«[A] regra de acentuar todas as esdrúxulas é de 1911, não existia antes, o que permite relativizar estas questões [à volta do Acordo Ortográfico de 1990], que não são, como muitos pretendem apaixonadamente, de lesa-pátria.» Artigo publicado no jornal Público de 26/02/2012.
1. Esta questão chegou a um ponto que venceu a minha resistência em meter-me outra vez ao barulho. E digo outra vez porque na discussão dos anos 80 contribuí para evitar algo que me pareceu muito grave na proposta de então: retirar todos os acentos às palavras esdrúxulas. Um dos argumentos que usei, além dum de ordem estatística sobre as divergências luso-brasileiras que precipitavam a drástica decisão, foi a de que os ministros e outros têm com frequência que ler textos que seus assessores escreveram para eles e onde aparecem com alguma frequência palavras caras que ninguém diz e que, sem os acentos, iriam provocar muitos risos na assistência. Mas essa guerra acabou bem.

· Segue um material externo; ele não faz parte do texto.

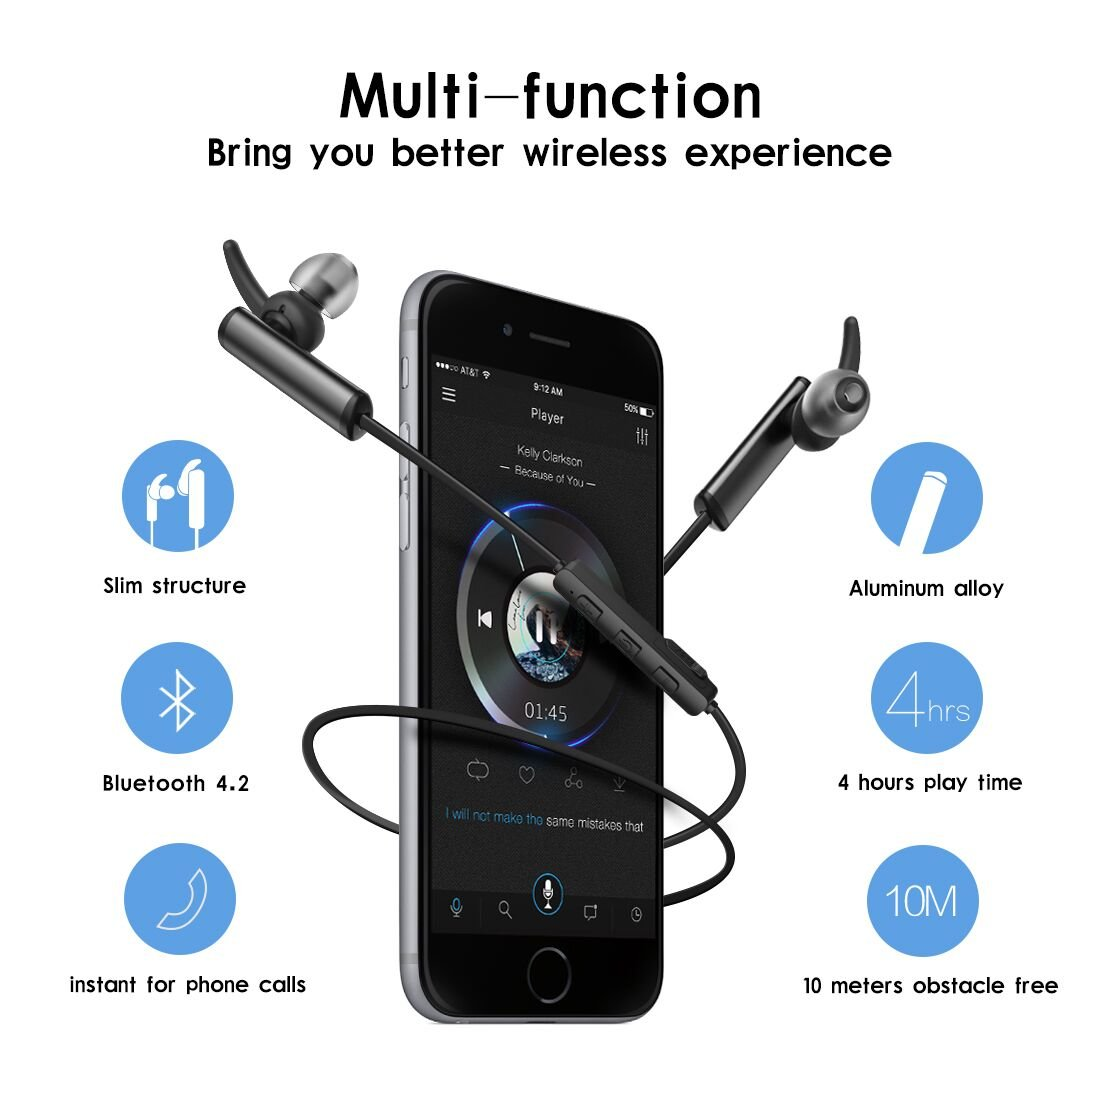 Auriculares Bluetooth 4.2 Syllable D300L Auriculares Inalámbricos Portátil Deportivos in-ear con Micrófono para Manos Libres para iPhone, Android Smartphone ...

2. Acontece contudo que essa regra de acentuar todas as esdrúxulas é de 1911, não existia antes, o que permite relativizar estas questões, que não são, como muitos pretendem apaixonadamente, de lesa-pátria. Senão, haveria que reclamar o regresso das consoantes duplas, affirmação, belleza, ou os ph em philosophia e na pharmácia. O que me parece justificar essa paixão é sentir-se uma pessoa que escreve, escritor ou não, atacado em algo de muito pessoal: a sua espontaneidade em escrever depressa e bem. Assim como não se vê uma lei que obrigue a gente de Lisboa a falar à moda do Alentejo ou da Madeira, também é desmedida uma lei que nos obrigue a "dar erros" no que escrevemos. 1.ª conclusão: a lei não pode obrigar adultos experientes nas suas escritas, privadas ou públicas.
3. O que é que, por outro lado, me parece certo no Acordo lusógrafo? Tem a ver com a escrita oficial, sem dúvida, mas não creio tanto para "unificar" as escritas: há brasileiros que escrevem como nós e outros que quase não entendemos. A vantagem mais pragmática parece-me ser a seguinte: nos usos da Teia global, os seus motores como os endereços, contam com todas as letras e com todas as suas faltas, e desse ponto de vista parece-me obviamente claro que é muito melhor que haja uma só ortografia no que aos textos oficiais diz respeito. Mas ao mesmo tempo, esses usos estão a dar cabo de todas as ortografias, toda a gente faz abreviações de rapidez nas mensagens e nos mails e nos blogues, e por aí fora, o que deve ser um quebra-cabeças para qualquer professor de Português, muito maior do que o que o Acordo possa provocar.
4. Ora, é nas escolas que a questão é complicada, porque a quem está a aprender a escrever o problema das consoantes mudas não se põe (a mim, sim, porque não as digo mas leio-as!). E aí julgo que o Ministério da Educação tem pertinência em propor uma lei destas. Poupem-nos a nós, os mais velhos, deixem que o tempo nos leve e que daqui a umas boas dezenas de anos já seja como em relação aos dois ll ou ao ph, igual para todos.